Some are perfectly cropped SVGs with transparent backgrounds . Others are PNGs with mysterious amounts of padding baked in, as if someone screenshotted them from a website and called it a day. One has a thick stroke that makes it look bold and confident. Another is just a thin wordmark that practically whispers its existence.
You line them up in a row, and they look like a ransom note.

You try making them all the same width. Now the square logos tower over everything else like skyscrapers, while the wide ones shrink into illegibility. You try making them all the same height instead. Now the wide logos dominate the entire row like billboards, and the compact ones vanish into the background. You manually adjust each one, tweaking widths and heights until they look somewhat balanced. It works.
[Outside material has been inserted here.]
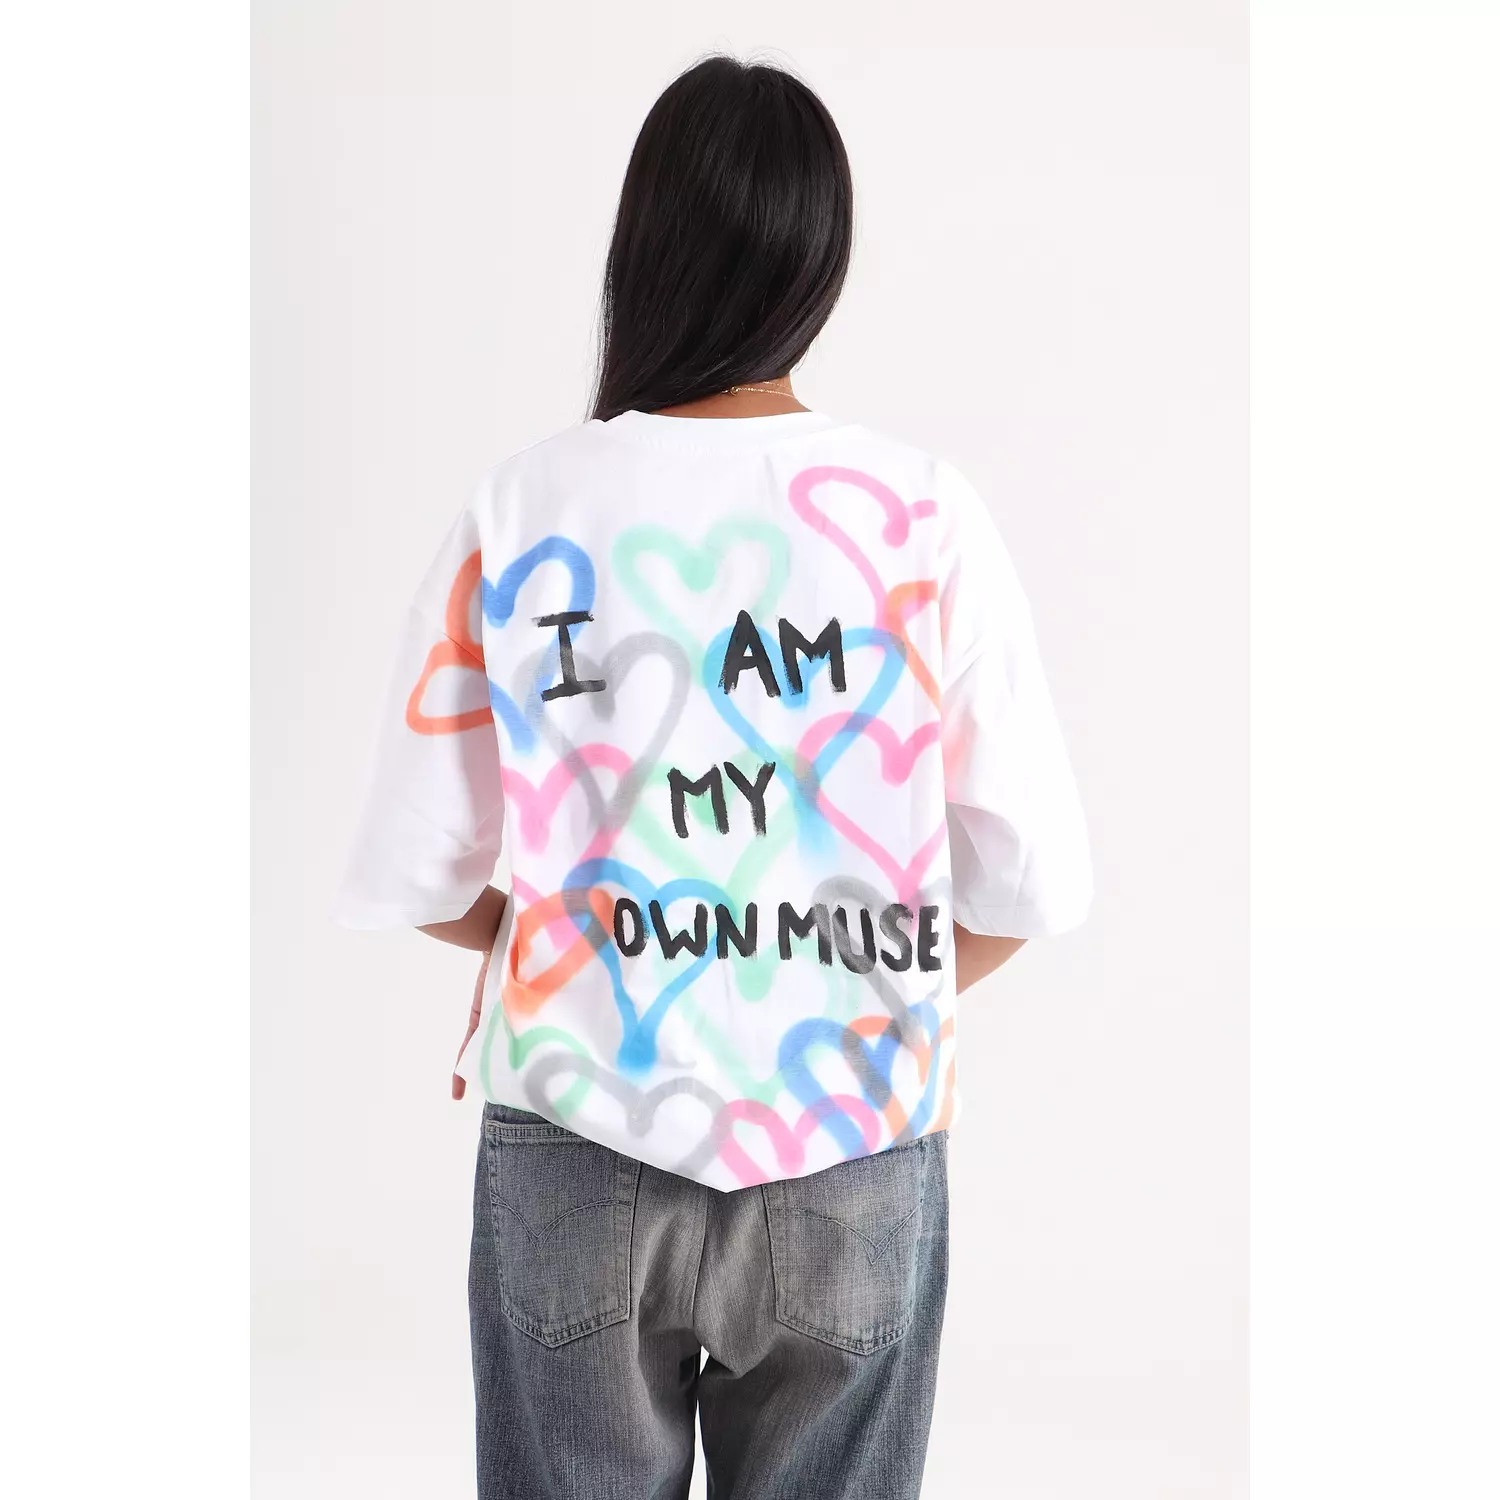 I am my own muse shirt hover image

Until next week, when three more logos arrive.
This is the logo cloud problem. It's not glamorous. It's not the kind of thing that makes it into conference talks or gets you promoted. But it's real, it's annoying, and it eats up more time than anyone wants to admit.
The usual suspects
Let's talk about some real examples, all great logos in their own right. It’s when you try to put them together you’re getting into a bag of hurt.
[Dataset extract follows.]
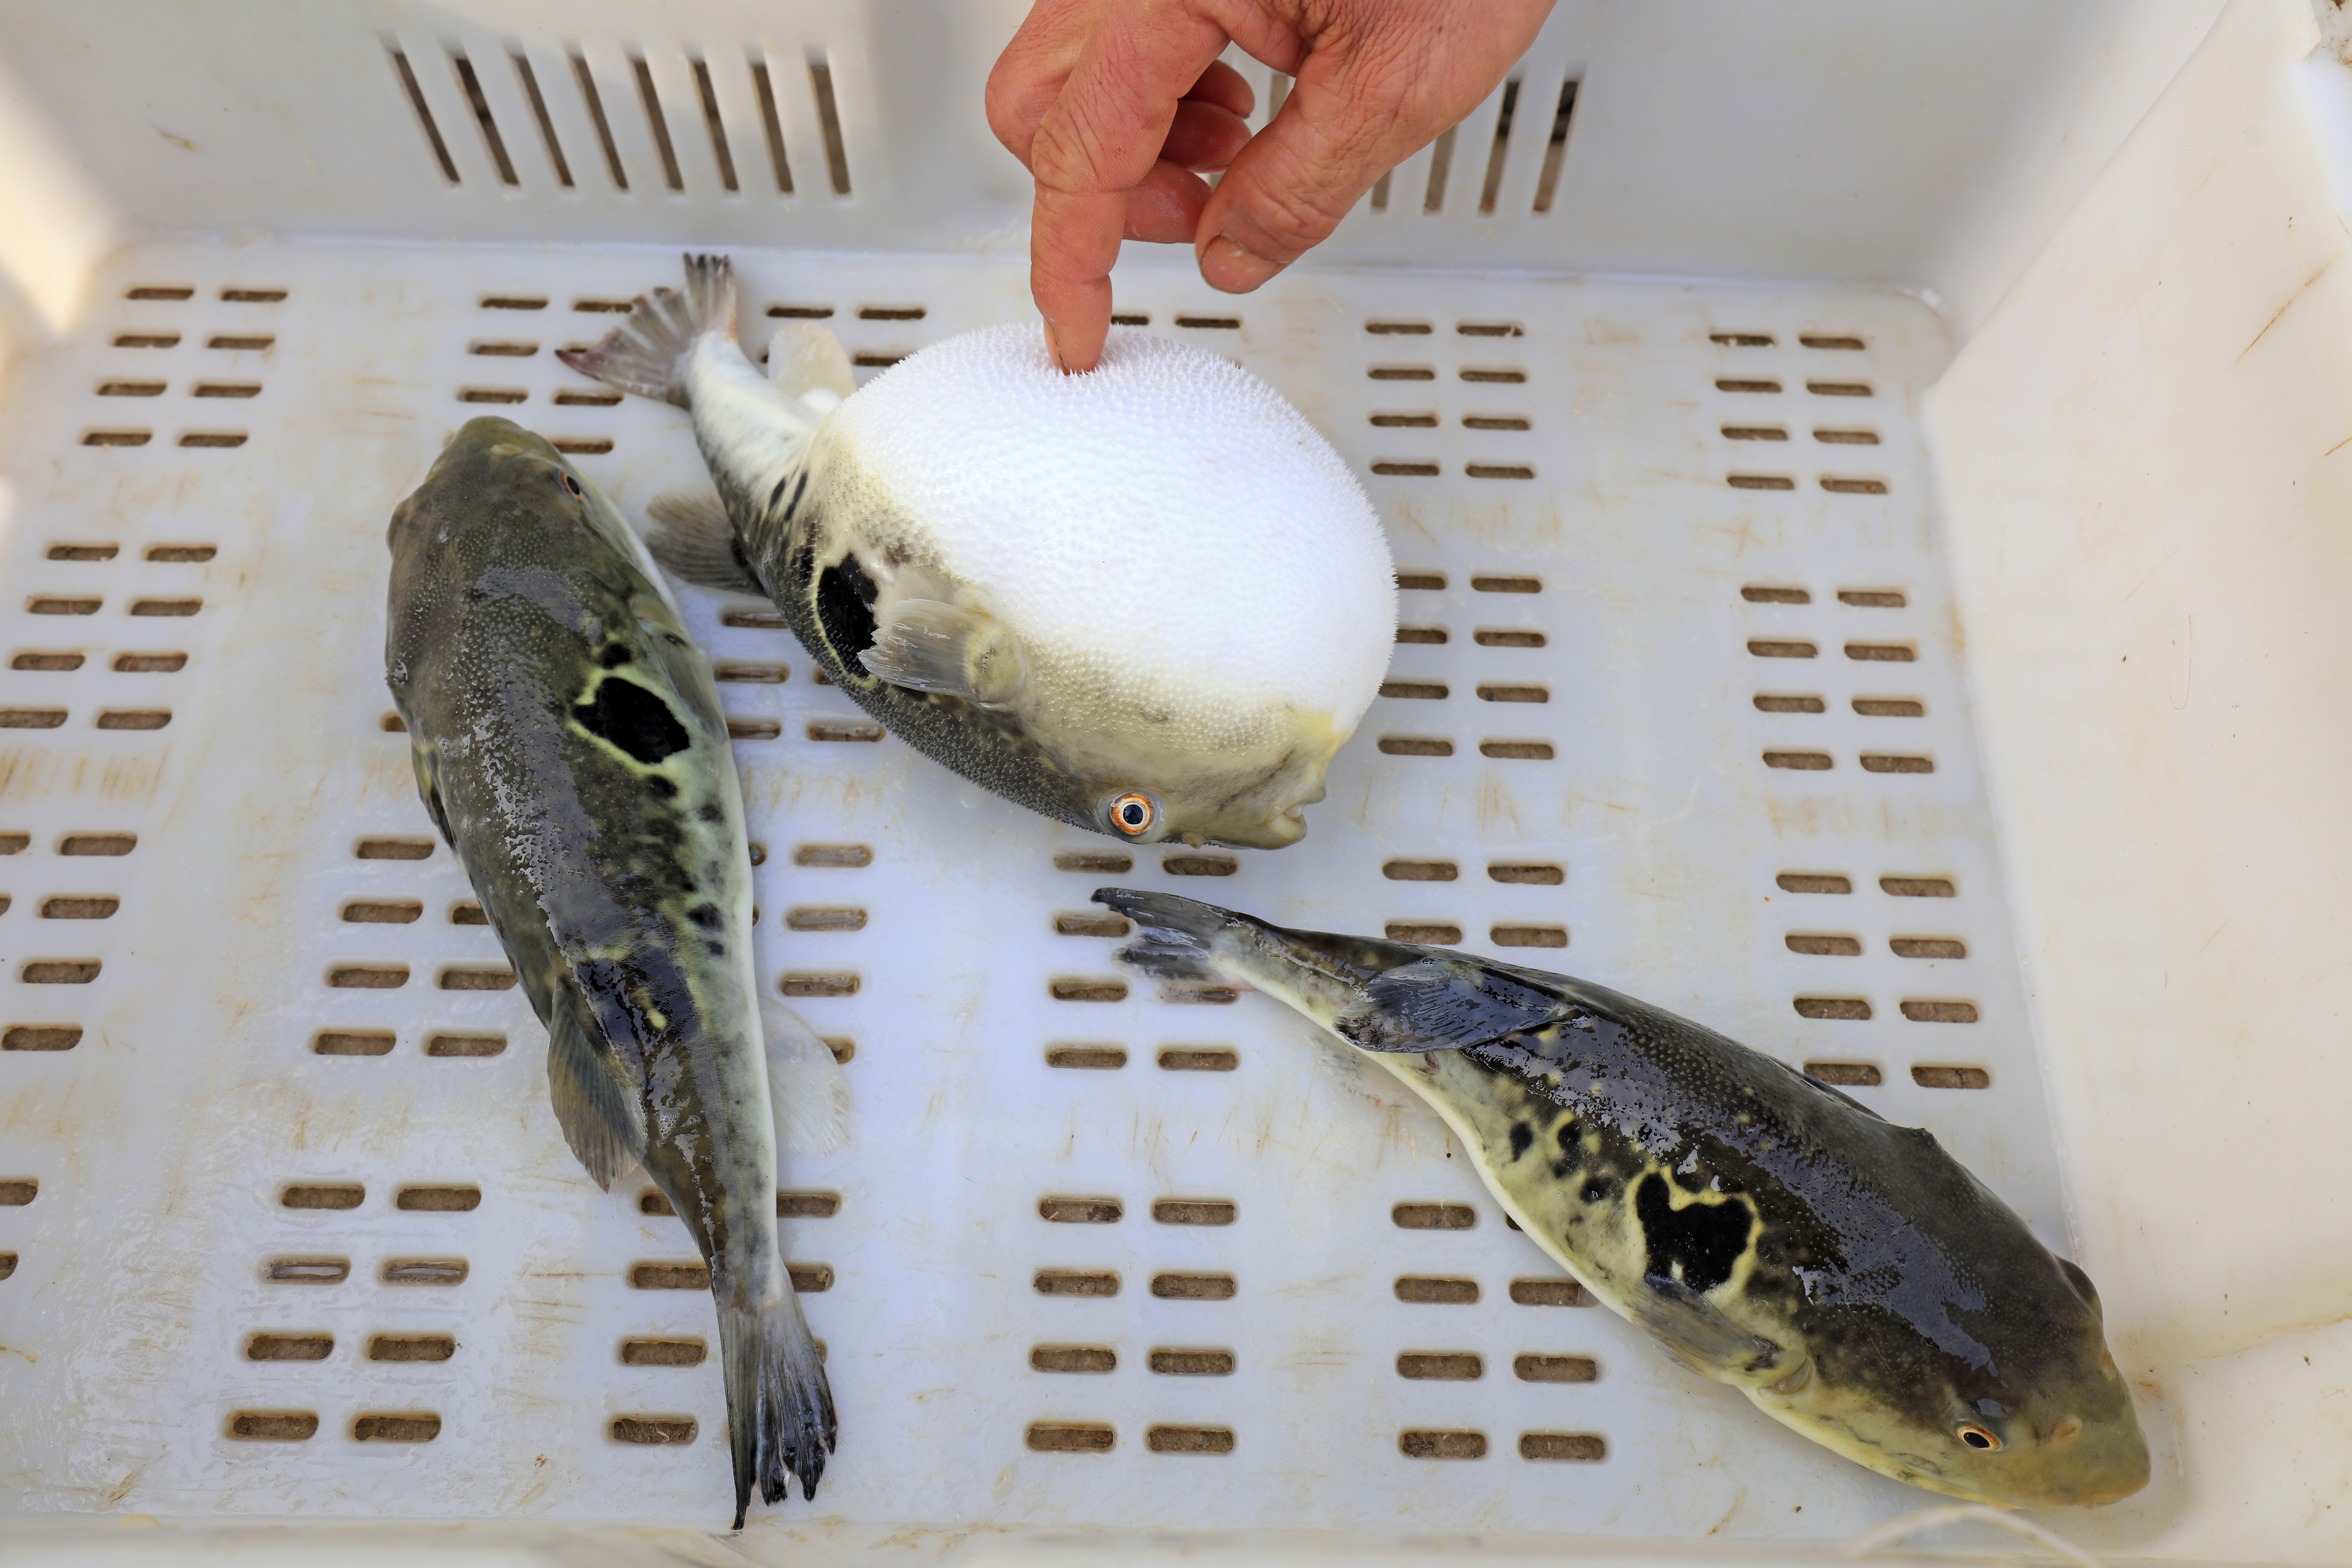 Three takifugu pufferfish caught by fishermen, the species of fish used in the Japanese food fugu.

Take logos like Nordstrom or Frontier. These are wide wordmarks, roughly 8:1 aspect ratio. Put them next to something like Sanity's square logo (1:1), and the difference is jarring. Then there's Browser Company, which manages to be both nearly square (1.44:1) and impossibly thin at the same time, somehow occupying visual space while barely registering on the retina.

Or consider the extremes. Good American's logo clocks in at a staggering 15.65:1 aspect ratio. It's essentially a horizontal line with letters. On the other end, you have logos like Rich Brilliant Lighting at 0.87:1, which are actually taller than they are wide. Put these in the same row using naive sizing, and you get visual chaos.

The problem gets worse when you factor in visual weight. Some logos are dense and solid, like Unity or Supreme. They're blocky, filled with color, and they command attention. Others, like Conductor or Frame, are mostly negative space with thin letterforms. Even if you get the dimensions right, the dense logos still feel heavier, like they're shouting while the thin ones are mumbling.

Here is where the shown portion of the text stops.